Giro.
Simon Yares said this was a career defining victory in the 2025 Giro D’Italia, after gaining the pink jersey on the same mountain and almost the same dramatic fashion he lost it in 2018.
Chris Froome’s 80km attack seven years ago, left Simon Yates in his wake, the Bury twin losing his race lead and so much time that he dropped to 17th, eventually finishing 21st, an hour and a quarter behind Froome.
He’d danced that race, winning three stages, with a number of top 5 finishes. It was said at the time that his attacking exploits had led to his downfall. All that energy spent to get into pink and extend his lead in pink, was gone even before Froome went on the rampage.
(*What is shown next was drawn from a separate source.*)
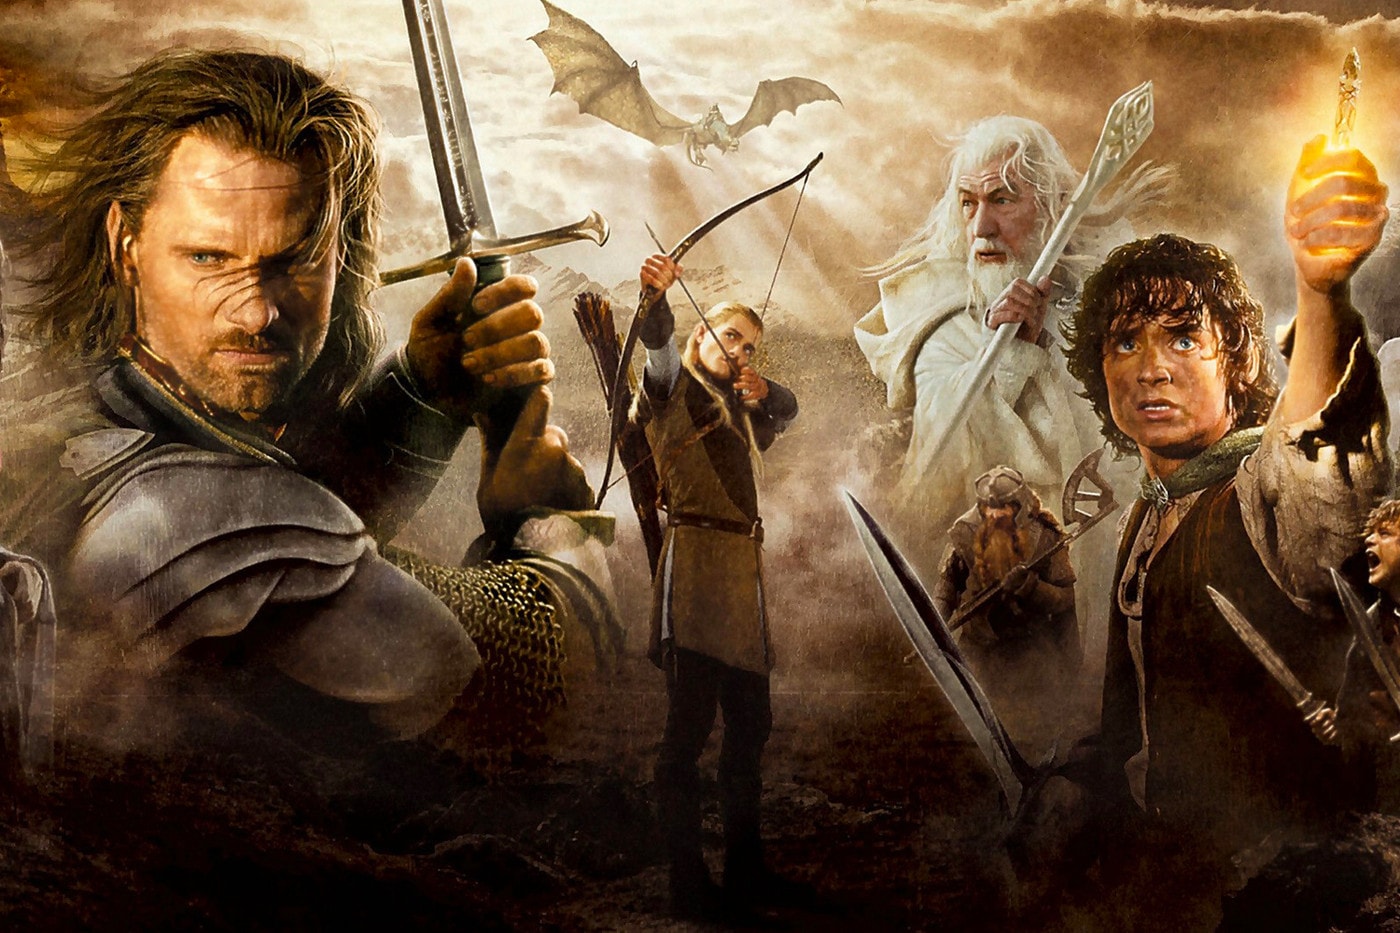 Lord of the Rings LOTR Aragorn Warner Bros Mobile Game

In 2025 things were different. He wasn’t really among the favourites, and for most of the race you didn’t see him, certainly not as you did in ’18. A few times with his nose in the wind, working for the likes of Wout van Aert. But most of the rest of the time if he ever found himself at the front he seemed desperate to get behind someone, always looking behind himself, at others. Looking like he just wanted to wheelsuck like one of his teammates.
But then he went on the 20th stage turning a minute 21 deficit into a nearly four minute lead, while the pink jersey, Isaac del Toro, and the other only real contender, 2019 winner Richard Carapaz, looked at each other and didn’t chase him down. As the time went out and out and out.
The Colle delle Finestre, it’s where he was defeated in ’18. It’s where he triumphed in ’25. 40km of riding away from history and into history.
A magnificent victory for an old man of the sport. Two old guys on the podium, with Del Toro the youngster, who for the most part had looked pretty good in pink. One great stage victory – a great celebration – and one just one real blip before Yates left him behind.
The other main winner was Mads Pedersen, the spring had seen a few podium finishes in the Classics, one top step, but he took the opening week of the Giro by storm. Powering to the the win on stage 1, he took pink, he almost kept it in the following day’s time trial, losing out by 1 second, to pre-race favourite Primoz Roglic. He regained pink with victory in the last stage in Albania. He held it until Roglic took it back on stage 7. With 4 stage wins and the maglia ciclamino, which he held all through the race.
And so Roglic, he took pink on stage 2, lost it on stage 3, retook it on stage 7 and lost it on stage 8. Dropped to 10th on stage 9 and left the race o stage 16. Yet again if there was crashes going Primoz was there. He does seem so very accident prone on the road.
There was also some great stages. Carlos Verona winning only his second professional race, at 32, after years working for others. Kasper Asgreen holding off the chasers with a gap that just stuck around the 15 second mark for kilometre after kilometre.